To protect those members, Sen. Majority Leader Andrea Stewart-Cousins might bottle up the “good cause eviction” bill, which would essentially impose rent control statewide.

“The thrashing that Democrats took on Long Island will mean there’s going to be a little more pressure on Andrea to hold the line on some stuff,” the strategist said. “There will be more pressure on Andrea to cater to the centrists.”

That will upset some city members of her conference, but as the strategist noted, “They’re probably not going to coup Andrea.” Stewart-Cousins shattered a glass ceiling as Albany’s first female, Black majority leader and has strong relationships with key members of her conference, the source explained.

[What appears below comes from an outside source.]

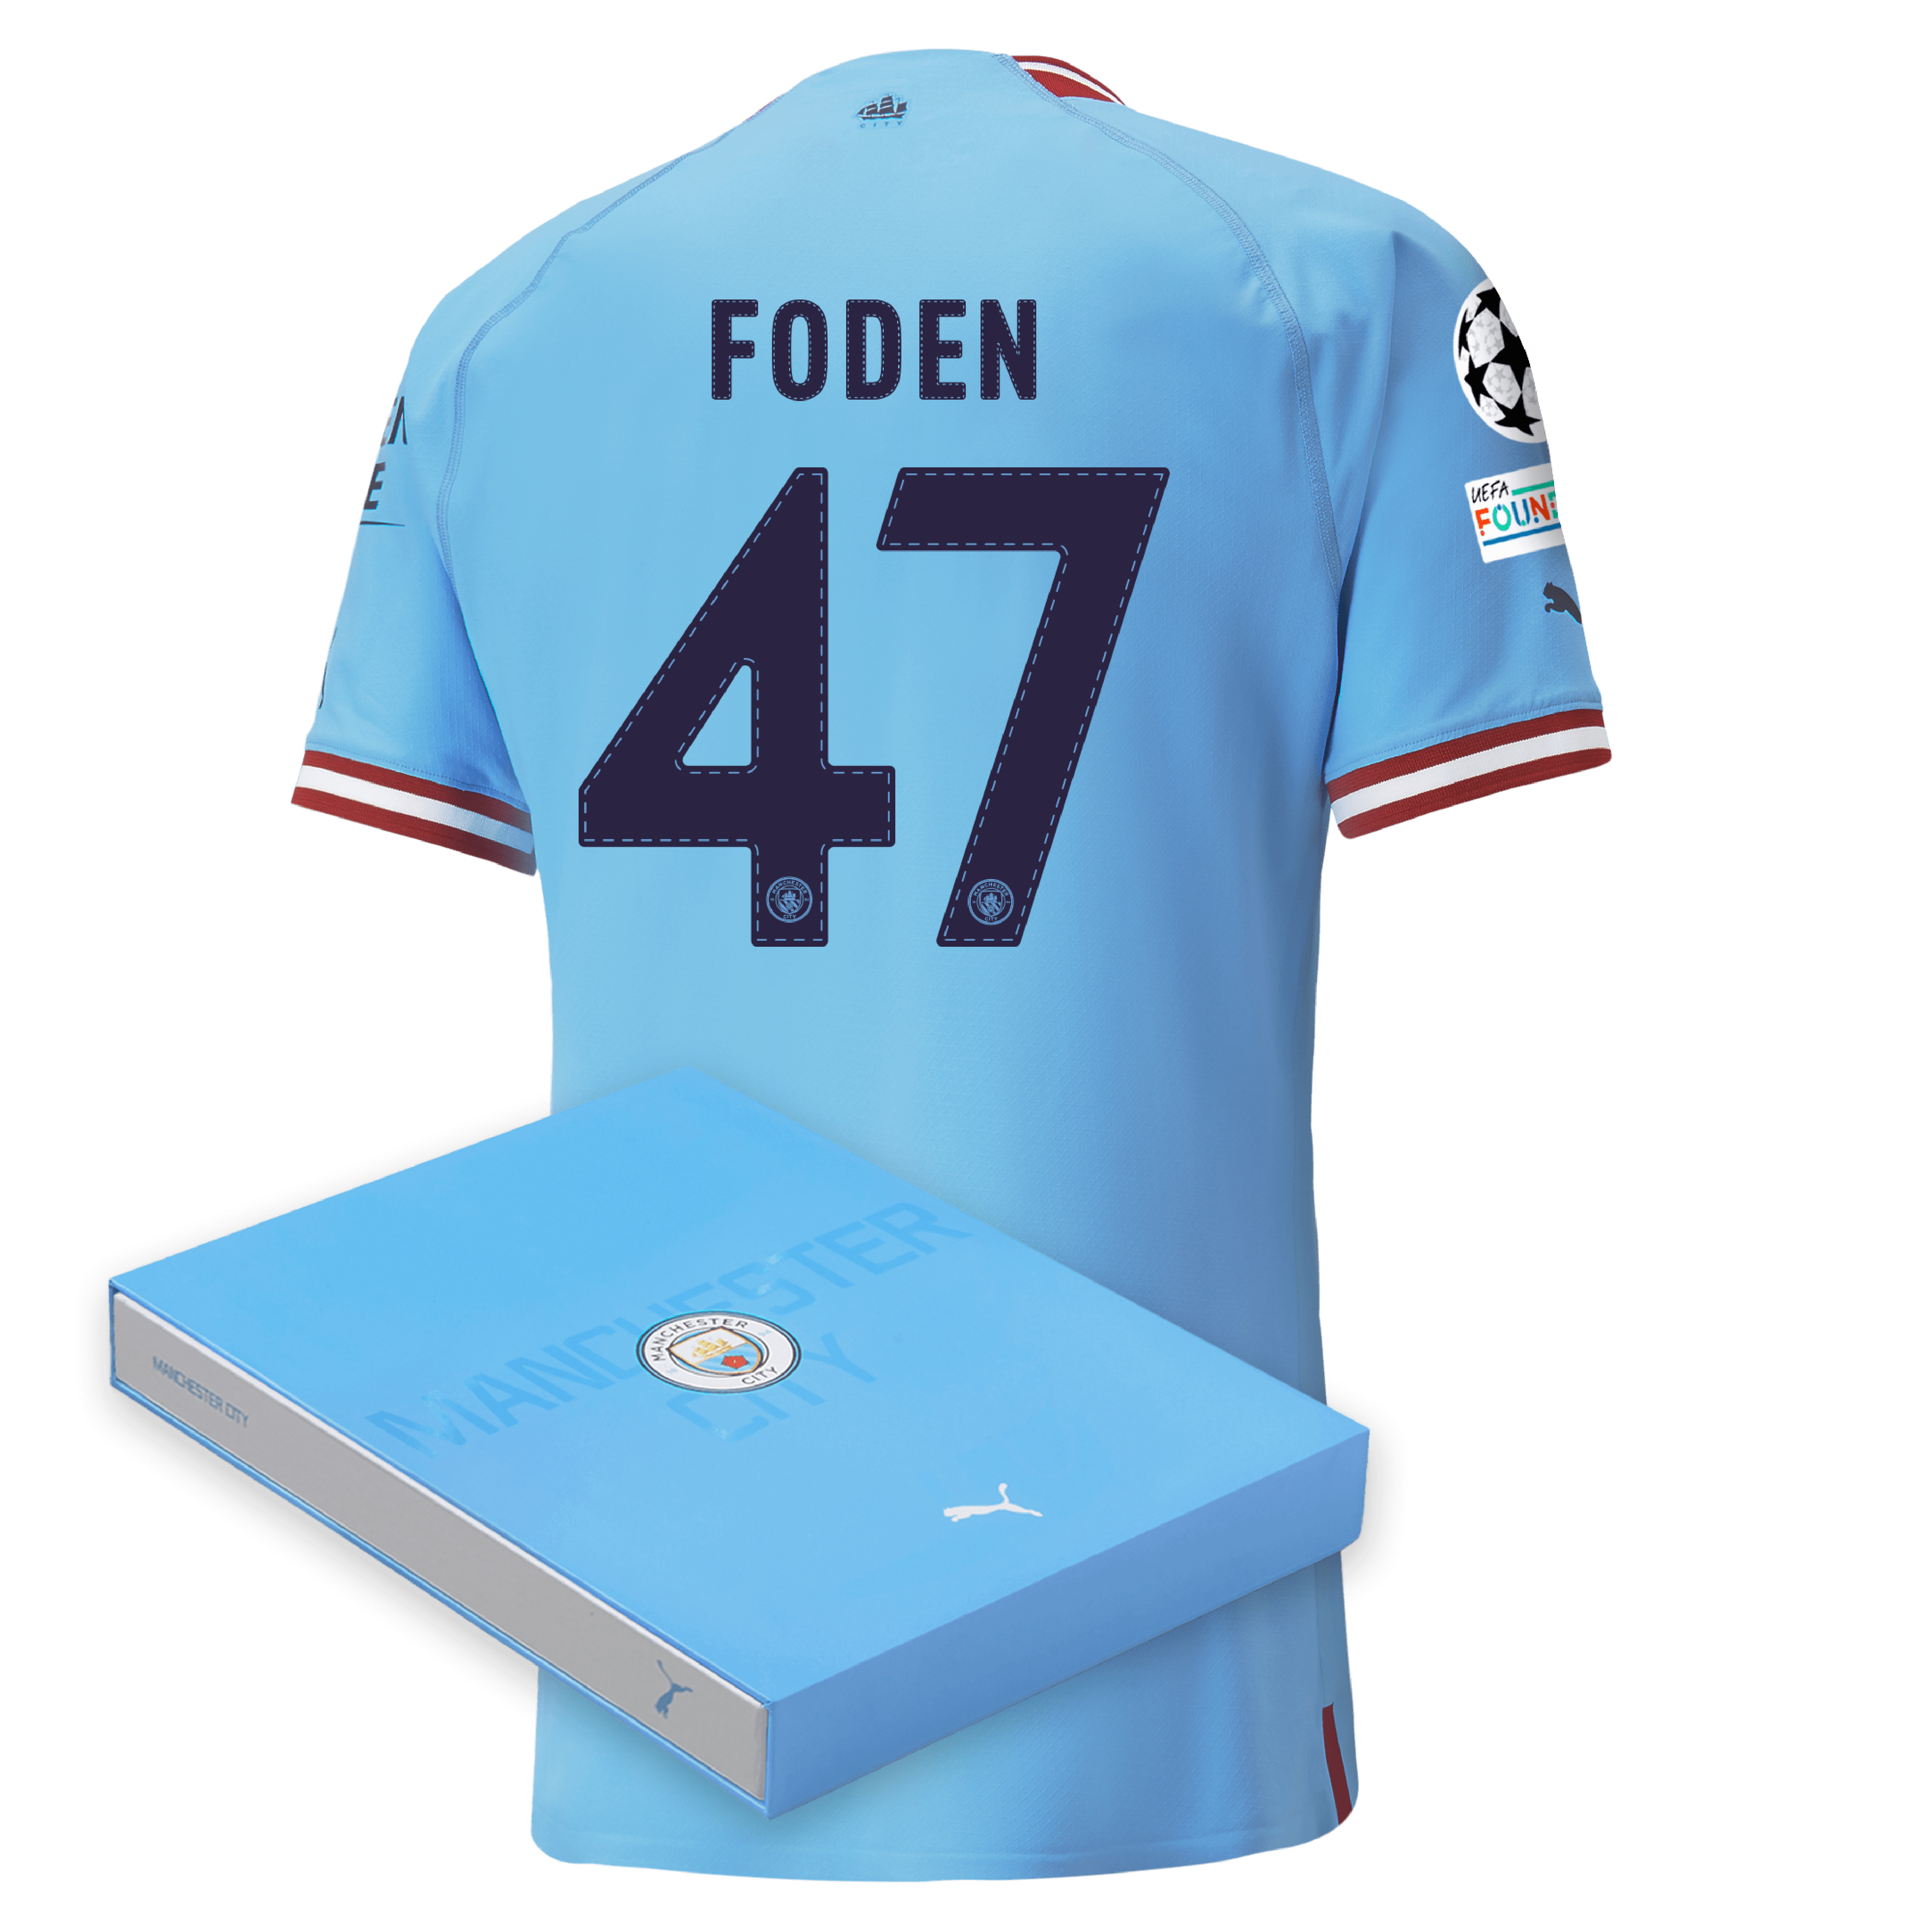 A115 Mens L Manchester City Home Shirt 2020-21 with Foden 47 print

On the Assembly side, newly elected socialists and progressives are expected to band together. “They’re going to form their own caucus and they’re going to wreak havoc,” the strategist predicted. “While they’ve struggled in the Senate, they’re going to be emergent in the Assembly in a big way.”

Having failed to cancel rent, their top goal will be to raise taxes to minimize service cuts. Although billions of dollars in federal aid for New York is seen as more likely with a Biden administration on the way, it is not expected to be nearly enough to balance the state’s budget.

Real estate is on high alert for taxes, such as a recurring levy on second homes. “The big discussion next year is going to be tax policy,” the real estate industry source said. “The Biden stimulus is not going to be a cure-all.”

One thing working in real estate’s favor — politically, at least — is the terrible state of the economy.

“Everyone’s going to have to find common ground with the real estate industry because it has the ability to create a lot of jobs,” said Greenberg Traurig’s Jonathan Bing, a lobbyist and former Assembly member from Manhattan.

He called Cuomo a firewall against bills that diminish that power. “We’re in a tremendous economic crisis right now,” Bing said. “The governor would be very concerned about legislation that would have a major effect on an industry in a crisis.”

Another observer agreed, adding that the governor is well positioned to stop such bills.

“Real estate is always going to have Andrew,” the strategist said. “Andrew has their back. And he has the highest approval rating he’s ever had.”